*** Opening GIVEN DATA ***

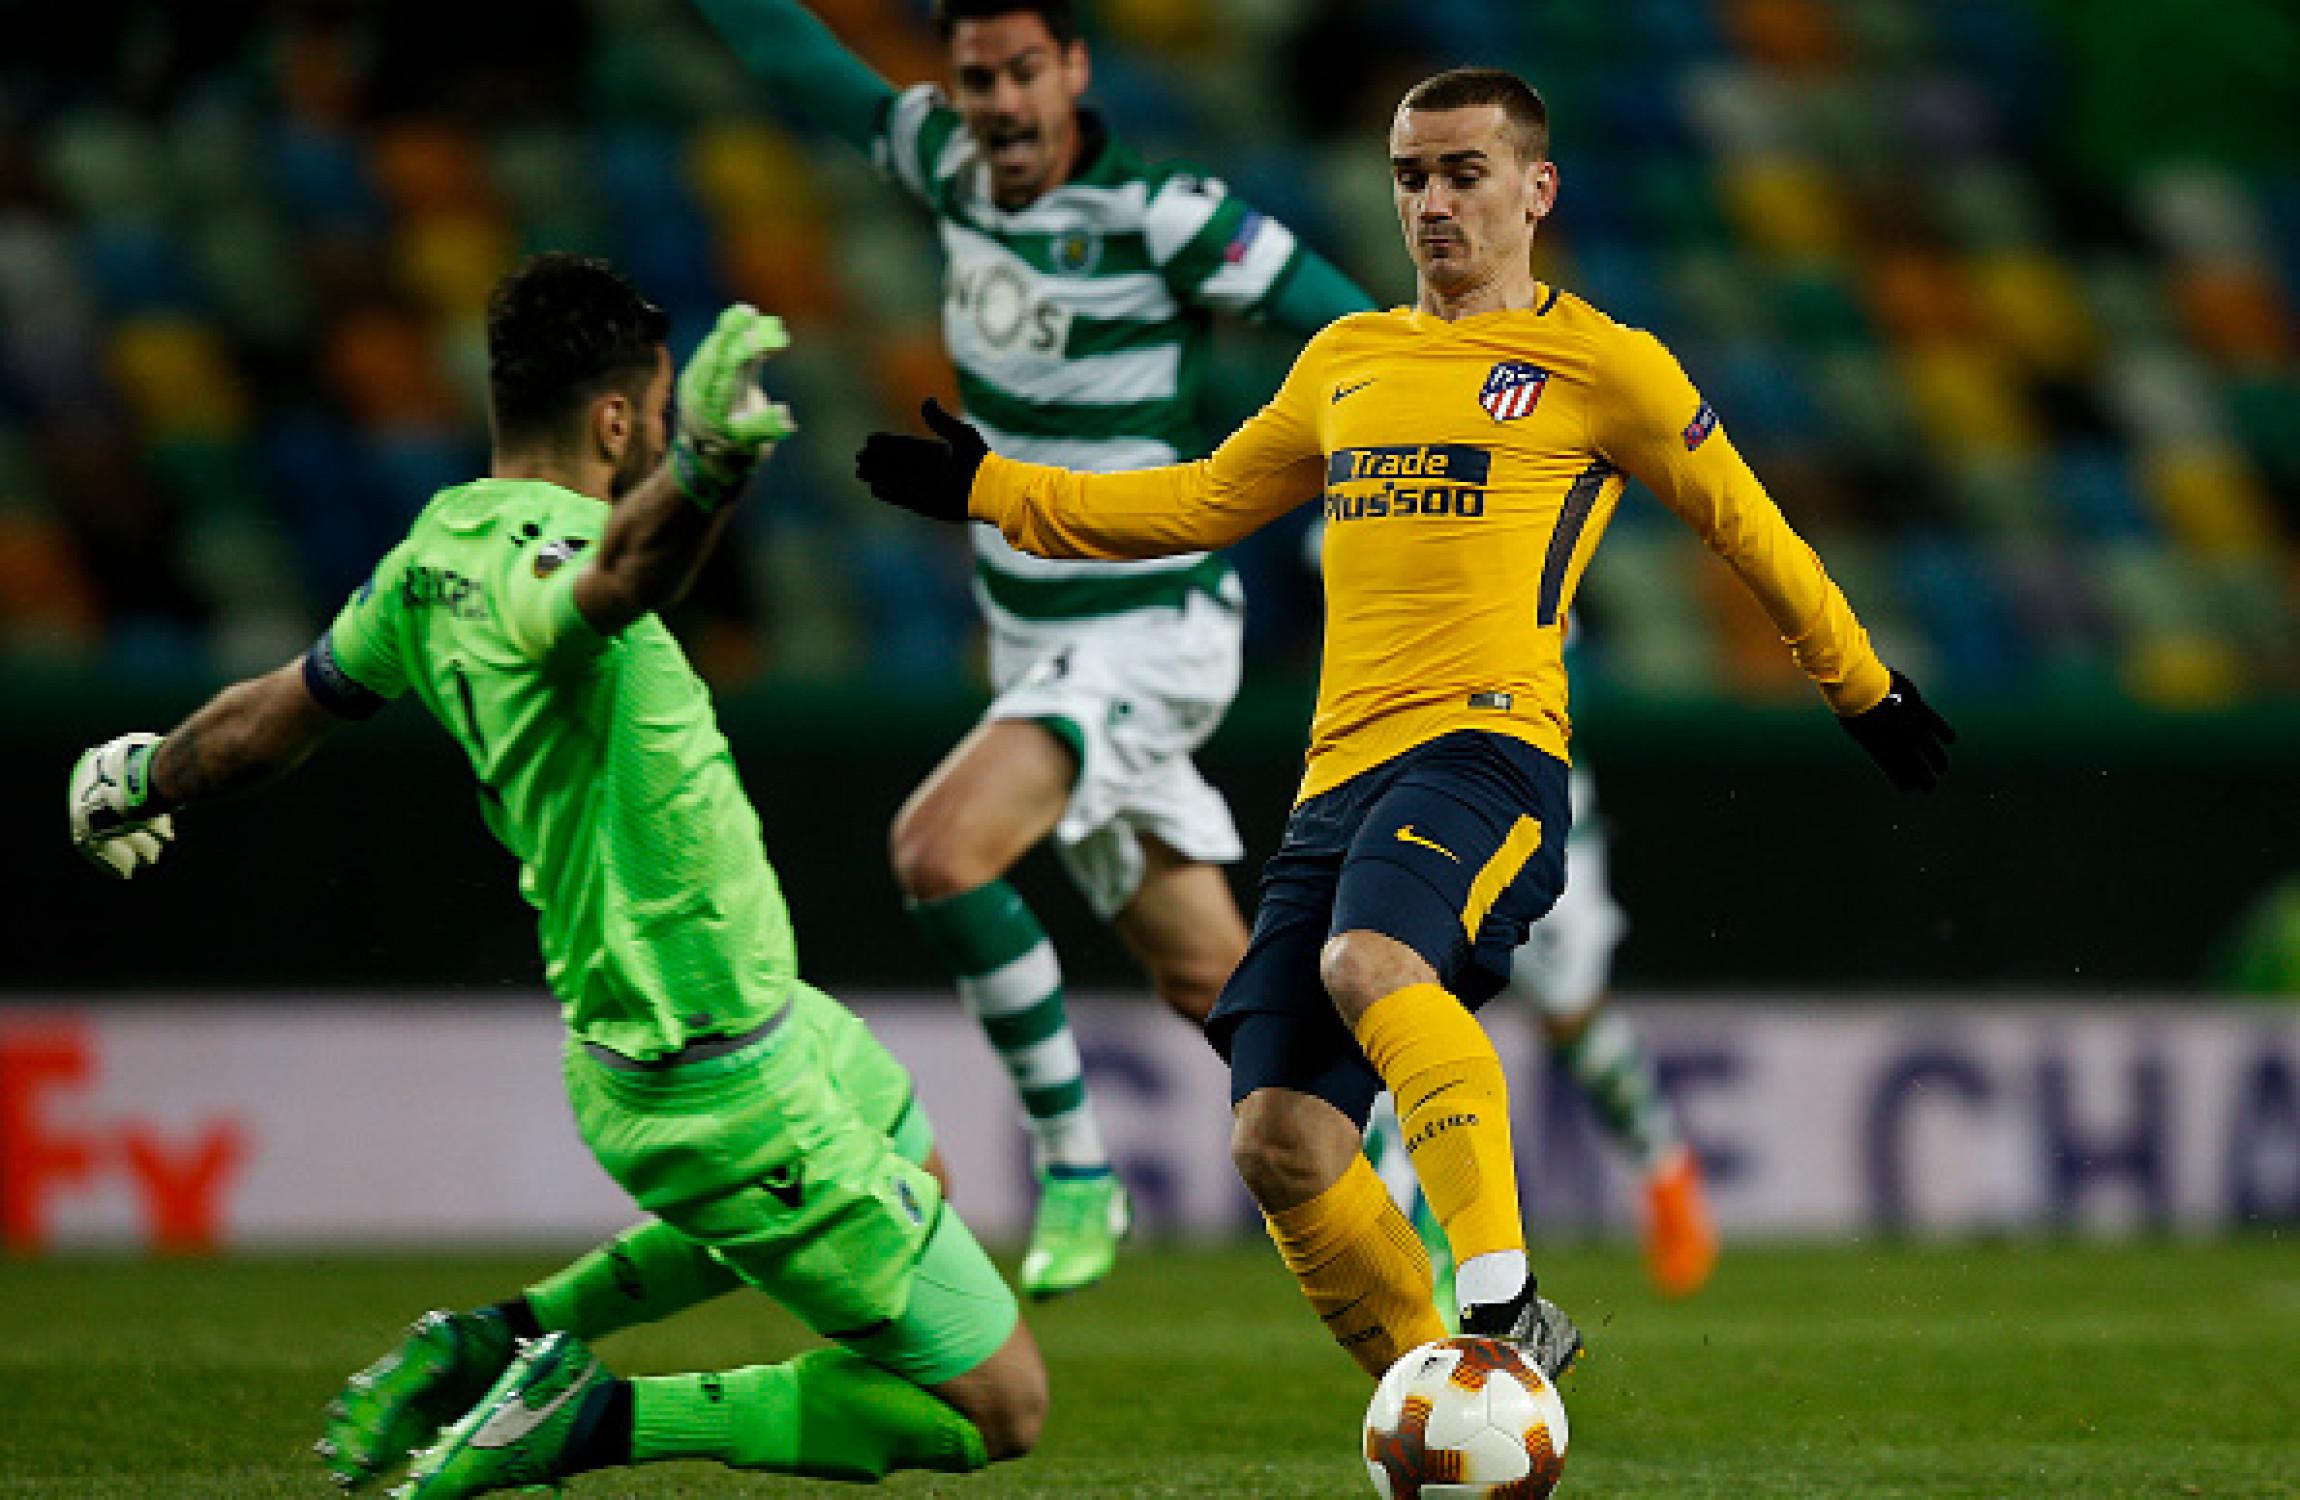 Atletico seals semi-final spot despite defeat
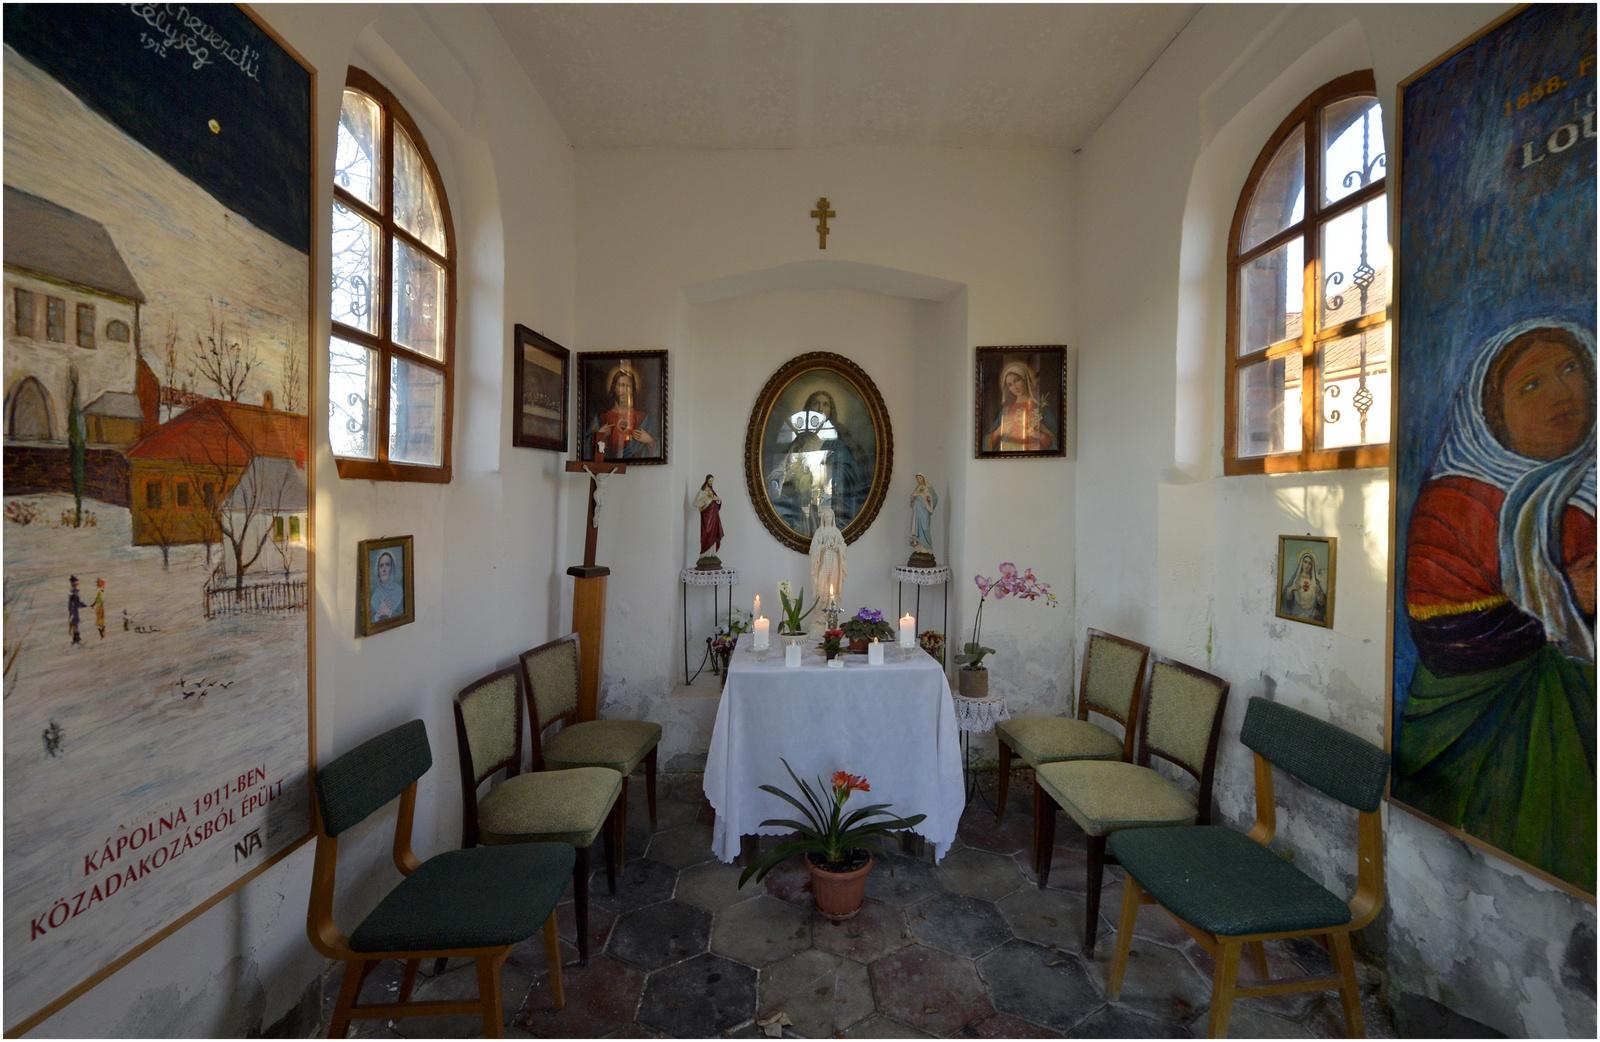 Kápolna belülről
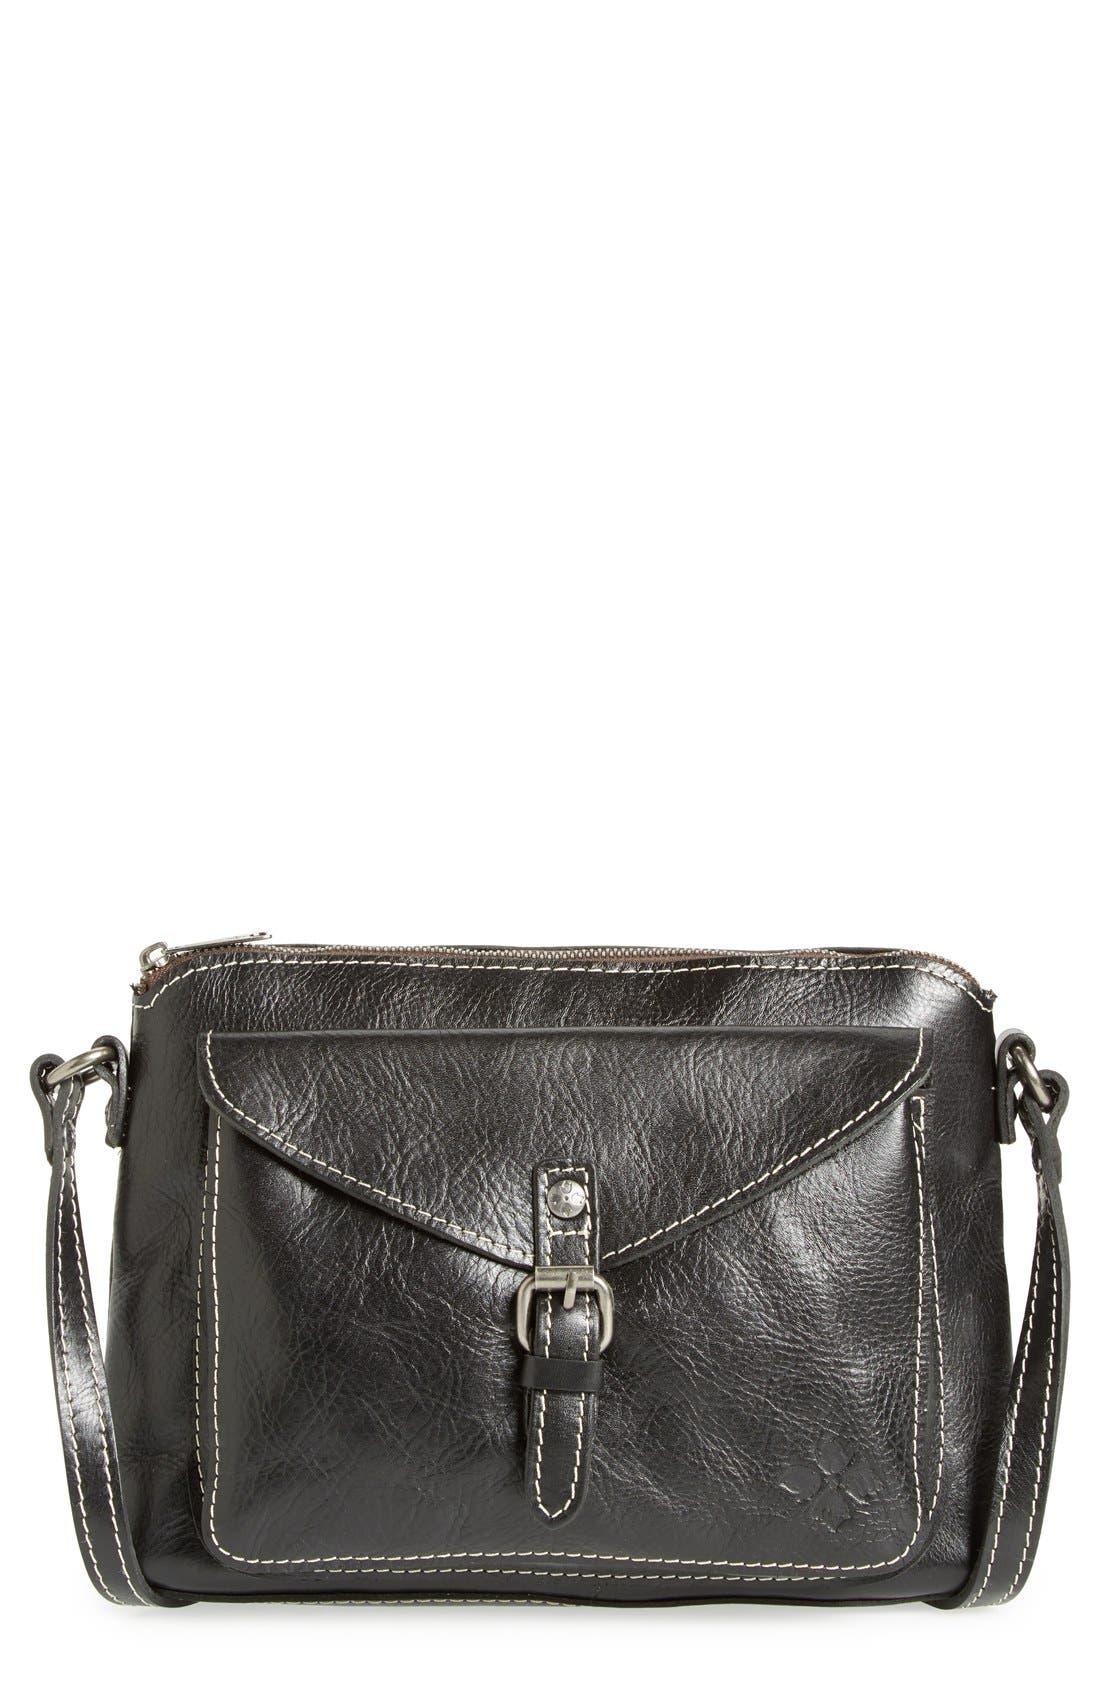 'Avellino' Crossbody Bag,                             Main thumbnail 1, color,                             001

*** Closing GIVEN DATA ***

(TASK ITEM): The answer is the listing above restated word for word, pictures removed.

(EXERCISE ANSWER):
 Atletico seals semi-final spot despite defeat
 Kápolna belülről
 'Avellino' Crossbody Bag,                             Main thumbnail 1, color,                             001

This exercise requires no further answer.